July 23, 2014

Human statisticians not obsolete

There’s a website, OnlyBoth.com, that, as it says

Discovers New Insights from Data.
Writes Them Up in Perfect English.
All Automated.

You can test this by asking it for ‘insights’ in some example areas. One area is baseball, so naturally I selected the Seattle Mariners, and 2009, when I still lived in Seattle. OnlyBoth returns several names where it found insights, and I chose ‘Matt Tuiasosopo’ — the most obvious thing about him is that he comes from a famous local football family, but I was interested in what new insight the data revealed.

Matt Tuiasosopo in 2009 was the 2nd-youngest (23 yrs) of the 25 hitters who were born in Washington and played for the Seattle Mariners.

outdone by Matt Tuiasosopo in 2008 (22 yrs).

I don’t think our students need to be too worried yet.

avatar

Thomas Lumley (@tslumley) is Professor of Biostatistics at the University of Auckland.
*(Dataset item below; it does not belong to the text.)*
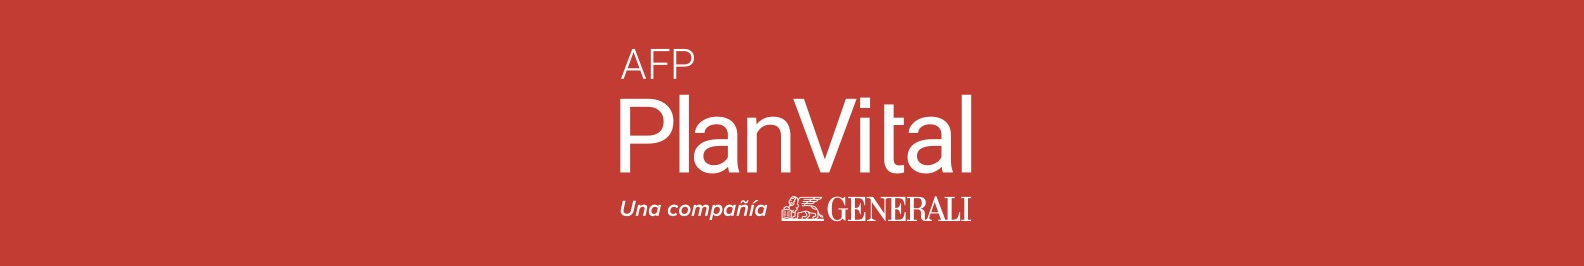 AFP PlanVital background

His research interests include semiparametric models, survey sampling, statistical computing, foundations of statistics, and whatever methodological problems his medical collaborators come up with. He also blogs at Biased and Inefficient See all posts by Thomas Lumley »

Comments

  • avatar
    David Lockhart

    Here is one of my favorites, which I discovered a few months ago:

    http://www.wolframalpha.com/input/?i=how+many+calories+is+a+marathon%3F

    It appears that they’ve since added a field called “input interpretation”, which is actually helpful in addressing this particular problem.

    10 years ago

  • avatar

    They’re not the only ones trying to automate it – this one looks interesting, but there’s no public demo, you have to request it:

    http://www.businessinsider.com.au/narrative-science-2014-7

    10 years ago

  • avatar
    Raul Valdes-Perez

    Well, Matt Tuiasosopo in 2009 only had 22 at-bats, so there’s not a whole lot to say about what makes him special, beyond the quote, or the second item about him:

    Matt Tuiasosopo of the 2009 Seattle Mariners was the heaviest (225 lbs) of the 21 second basemen who played in Safeco Field.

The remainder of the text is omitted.